Without the pictures, give the listing below again exactly.
*** EXERCISE DATA ***
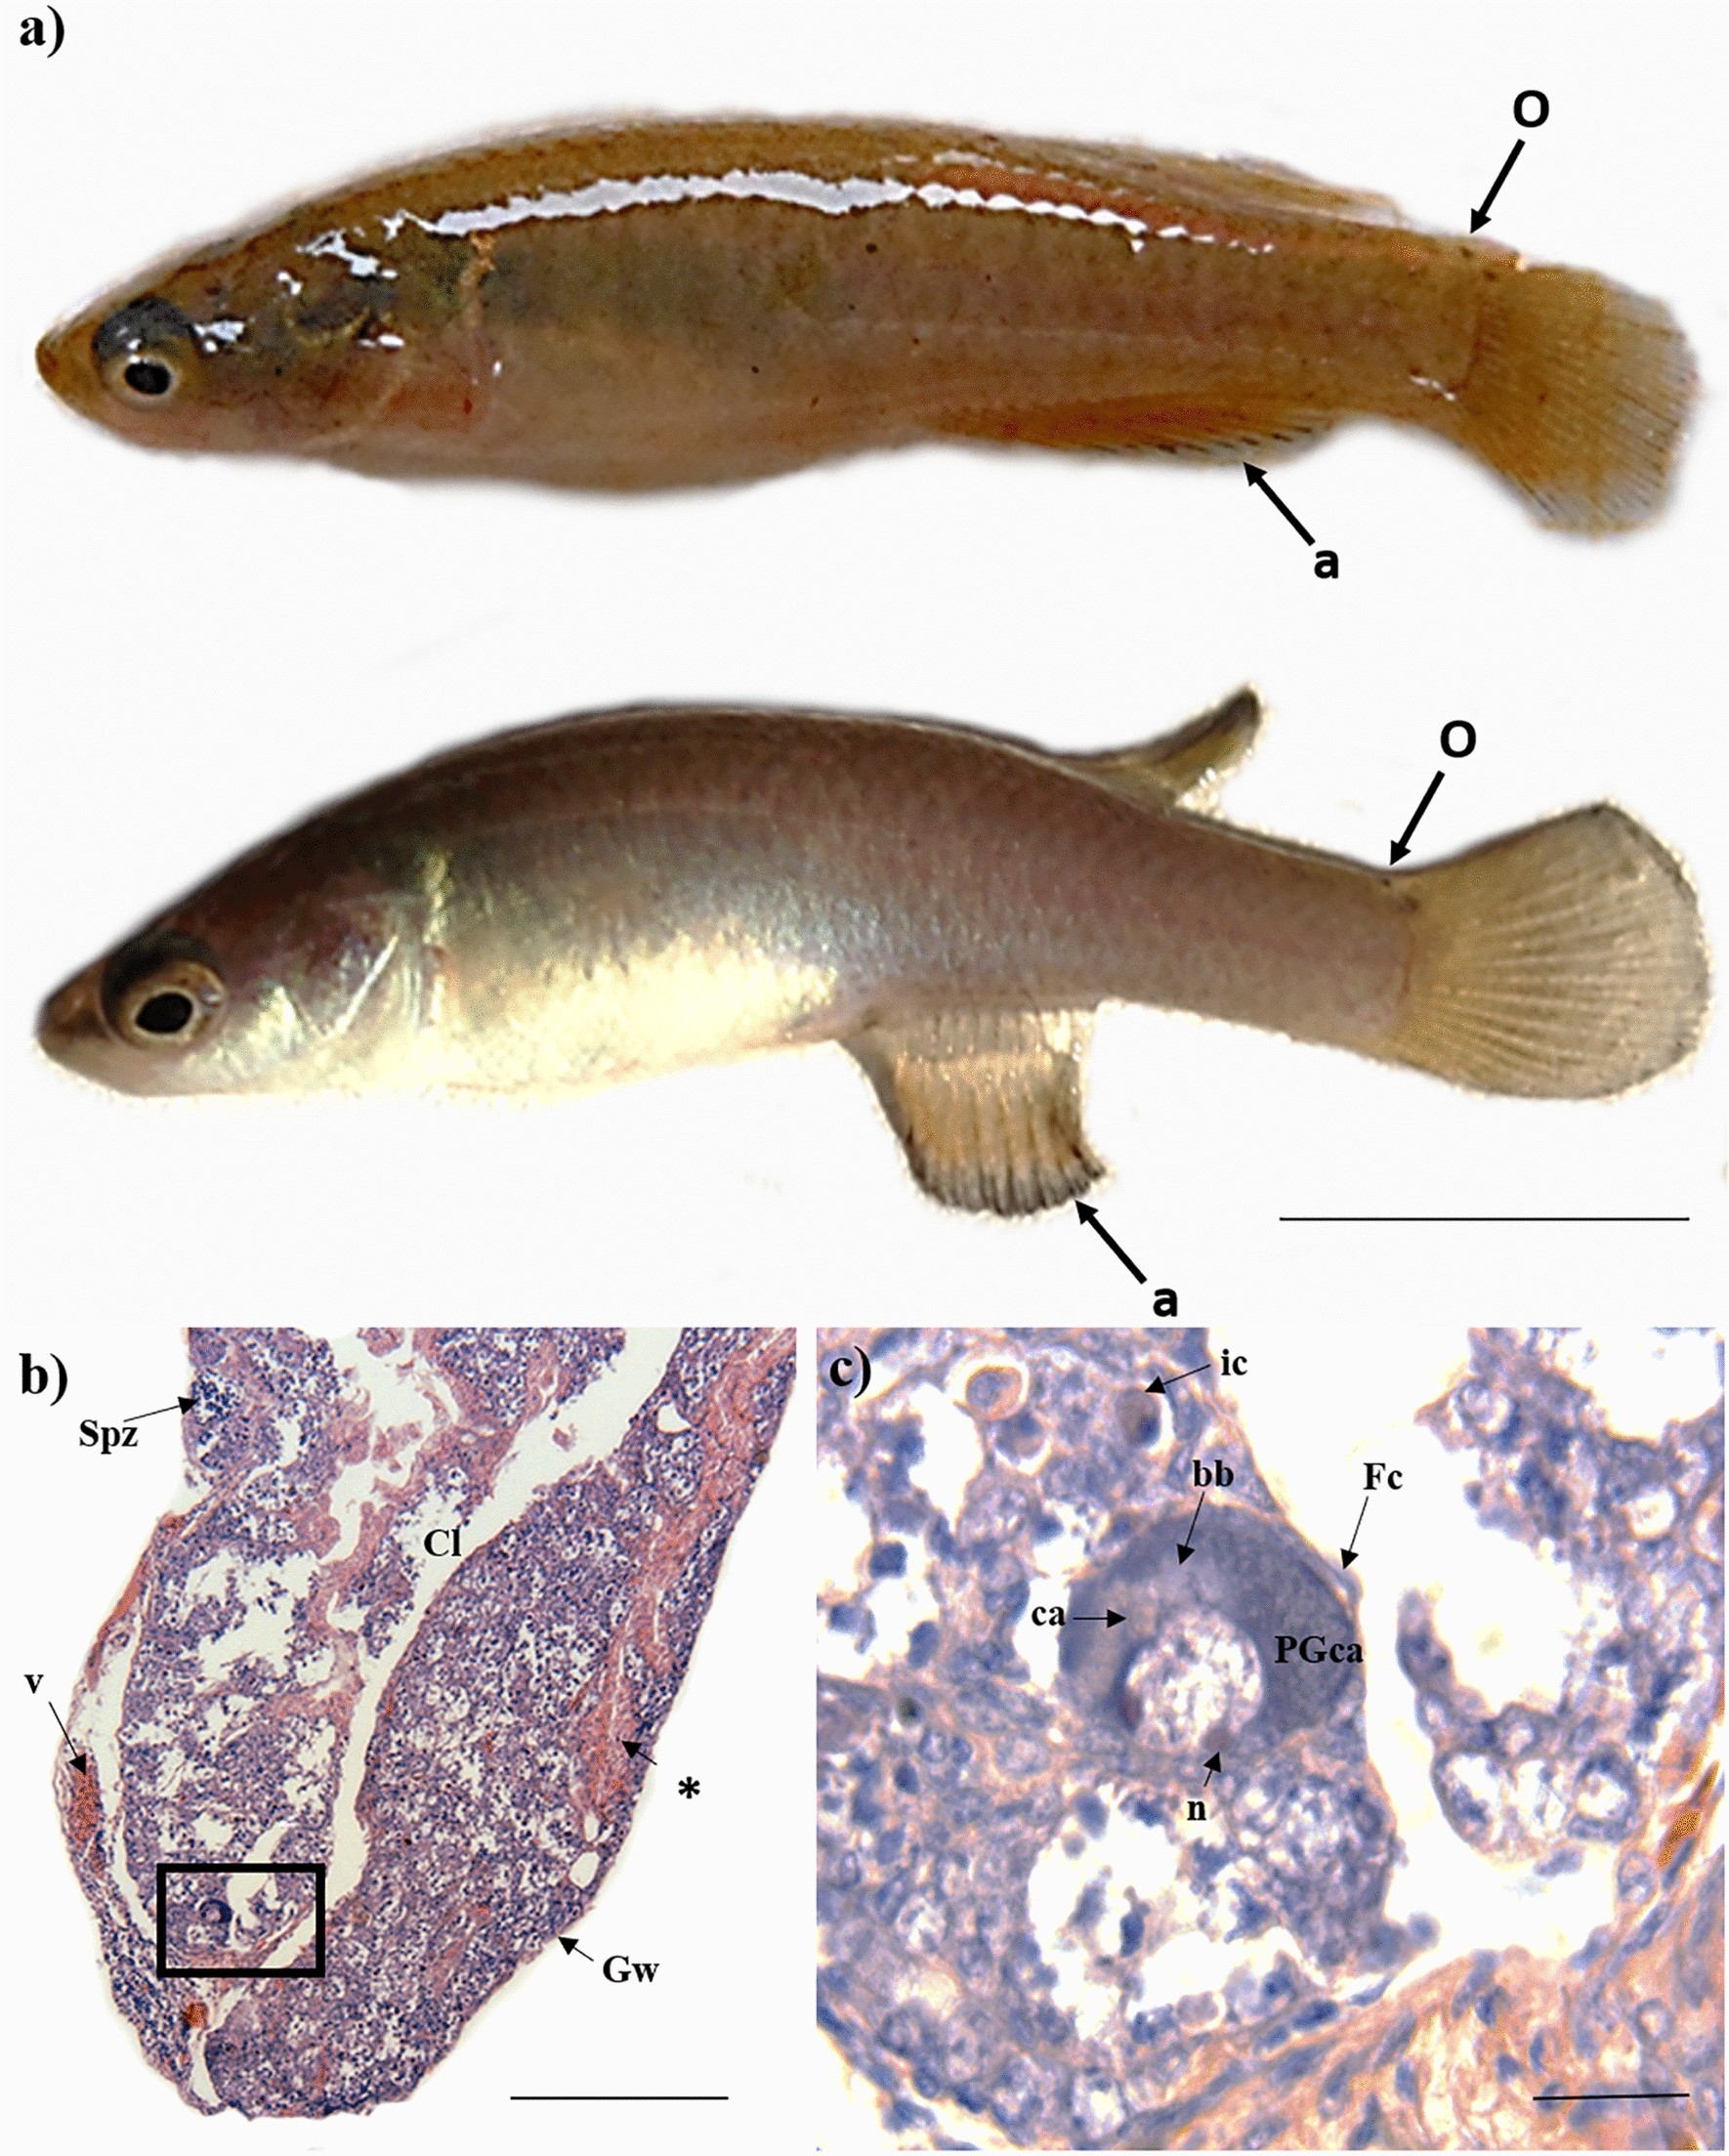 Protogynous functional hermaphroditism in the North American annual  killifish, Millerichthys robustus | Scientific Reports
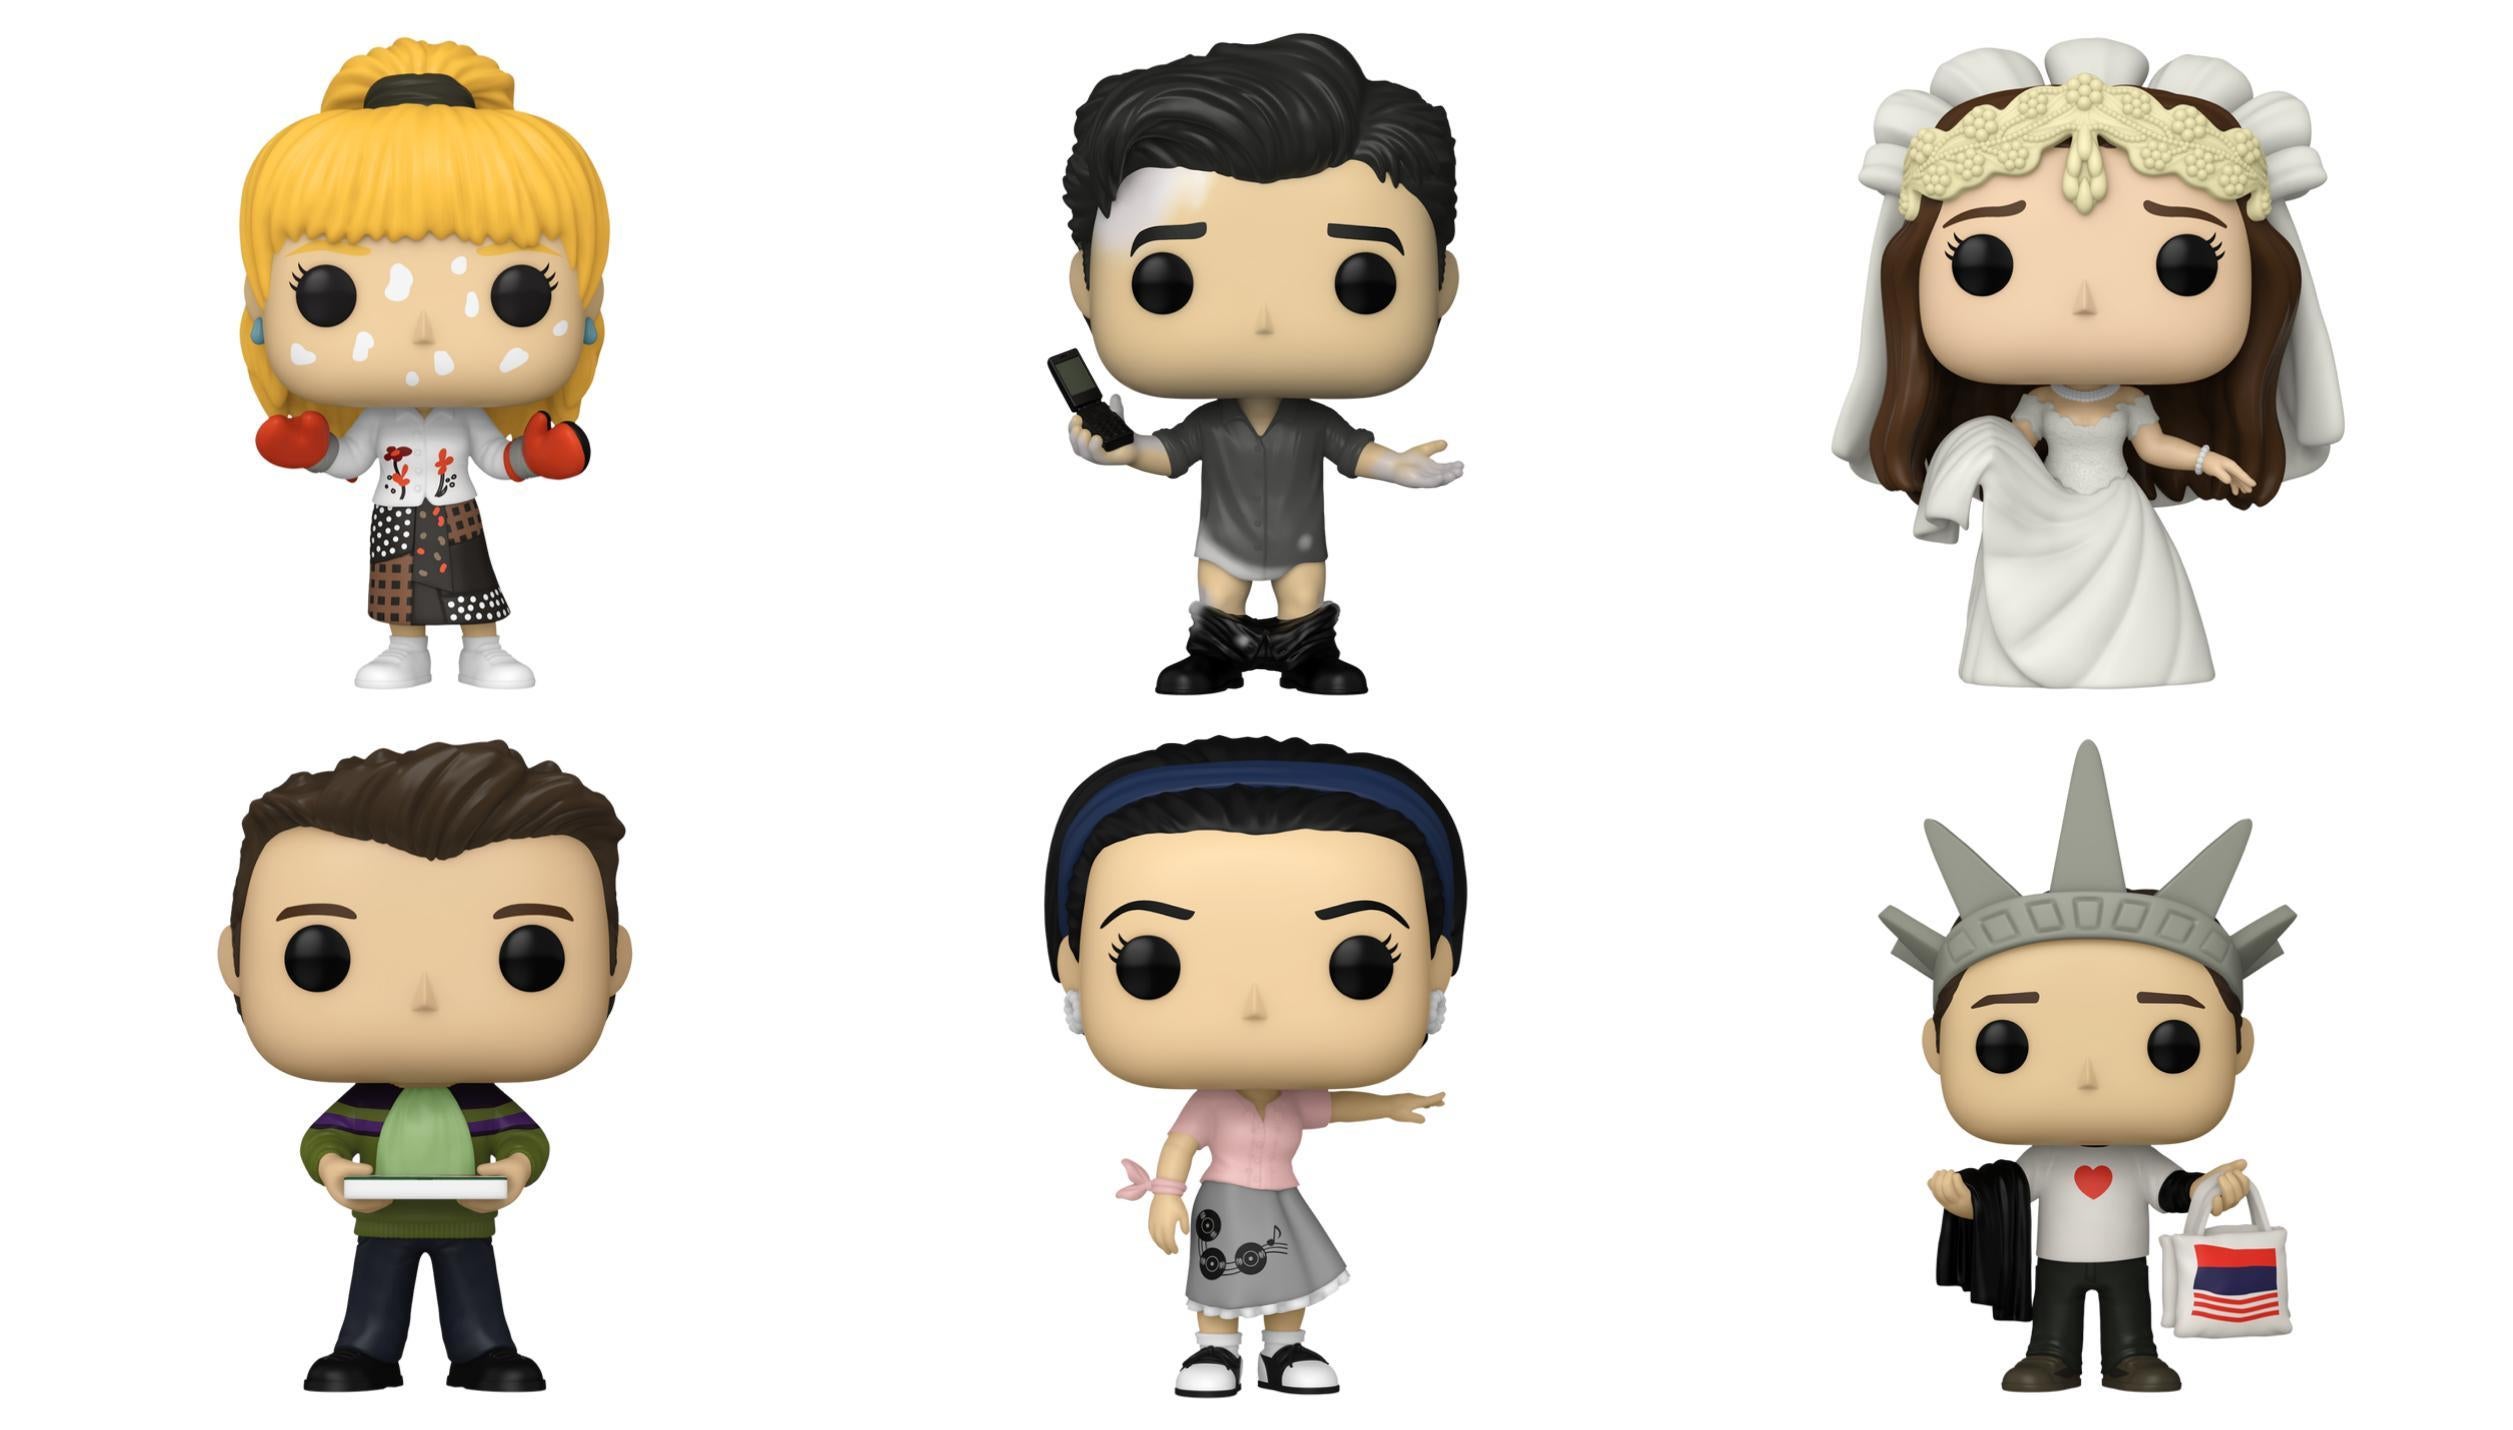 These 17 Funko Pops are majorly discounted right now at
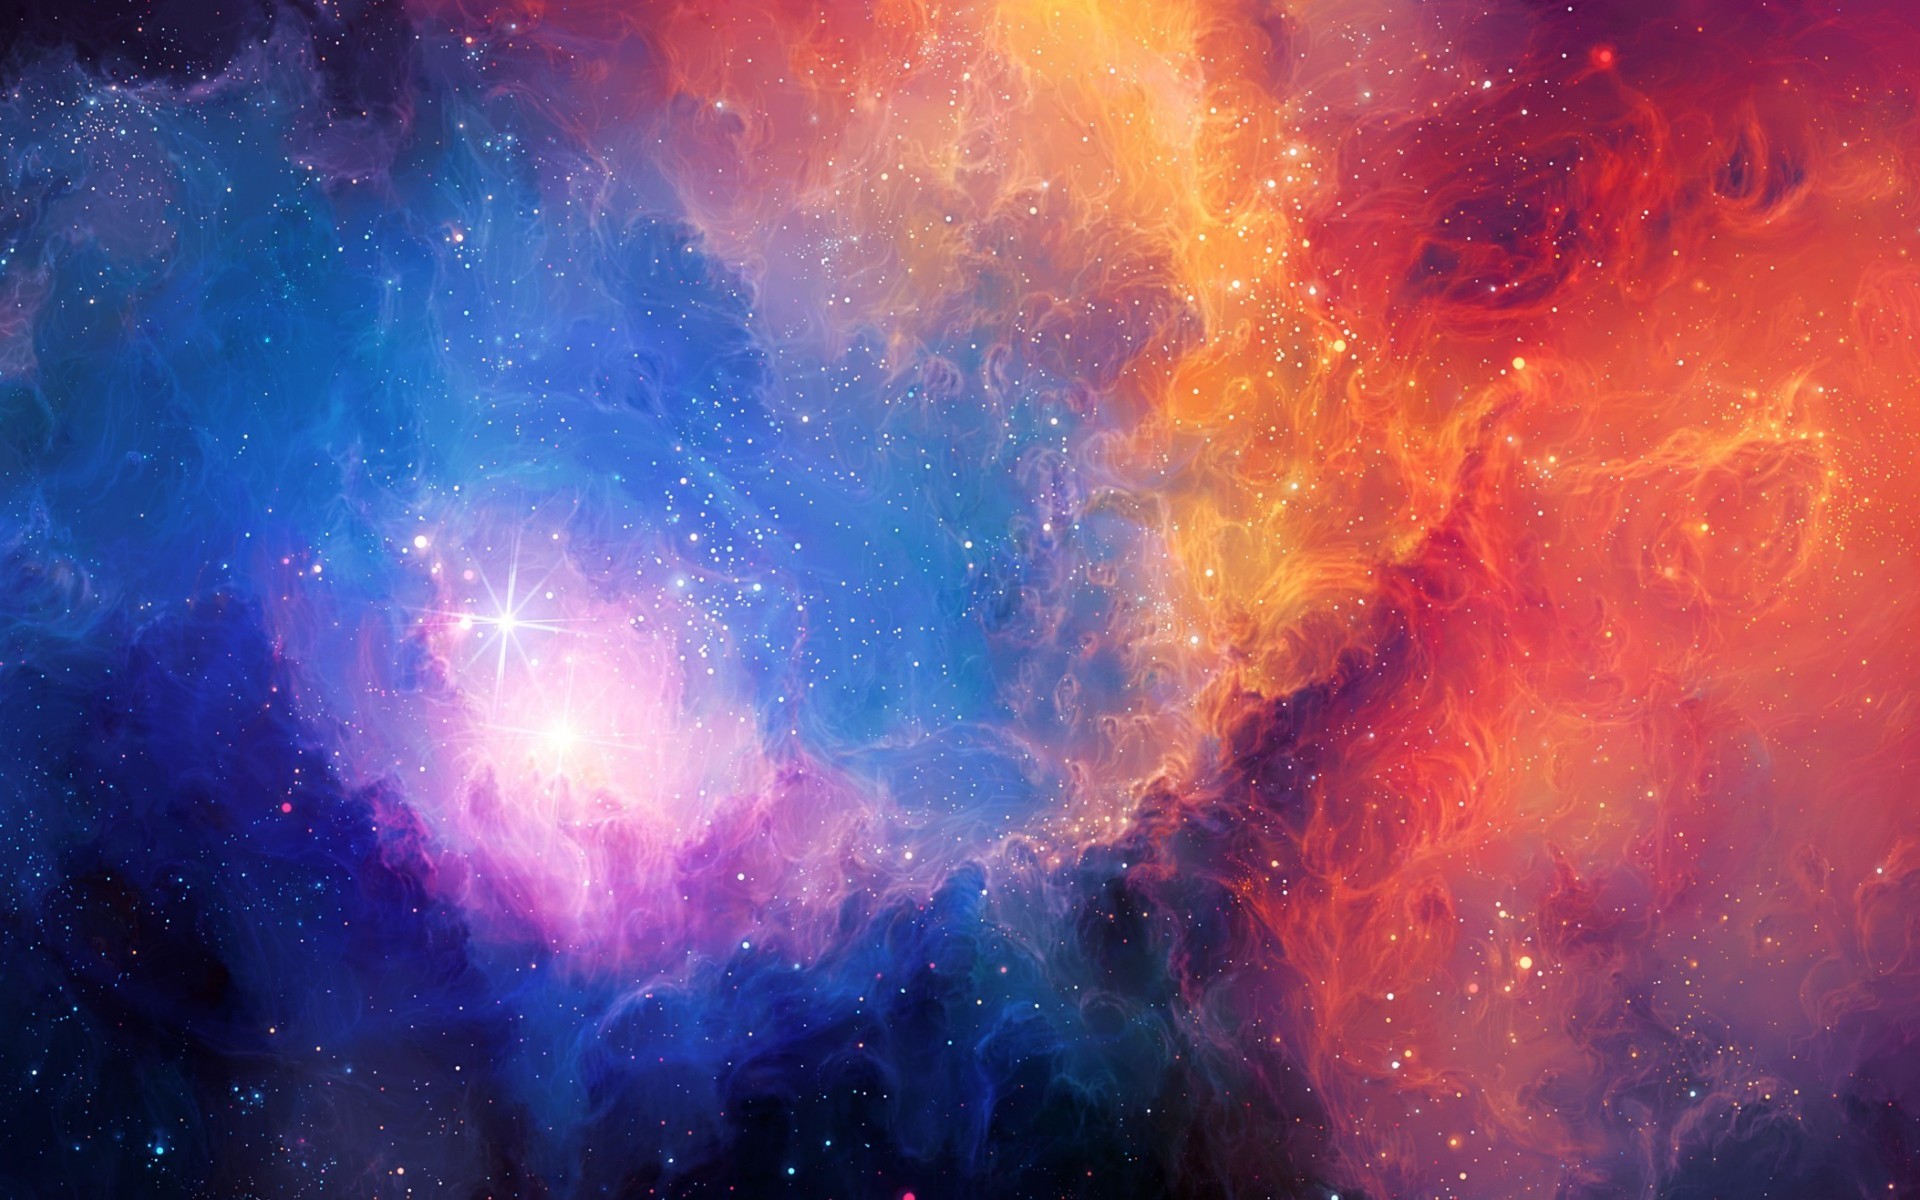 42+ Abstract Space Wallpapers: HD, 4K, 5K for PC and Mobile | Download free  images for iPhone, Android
*** End of EXERCISE DATA ***
*RESULT OF THIS EXERCISE:*
 Protogynous functional hermaphroditism in the North American annual  killifish, Millerichthys robustus | Scientific Reports
 These 17 Funko Pops are majorly discounted right now at
 42+ Abstract Space Wallpapers: HD, 4K, 5K for PC and Mobile | Download free  images for iPhone, Android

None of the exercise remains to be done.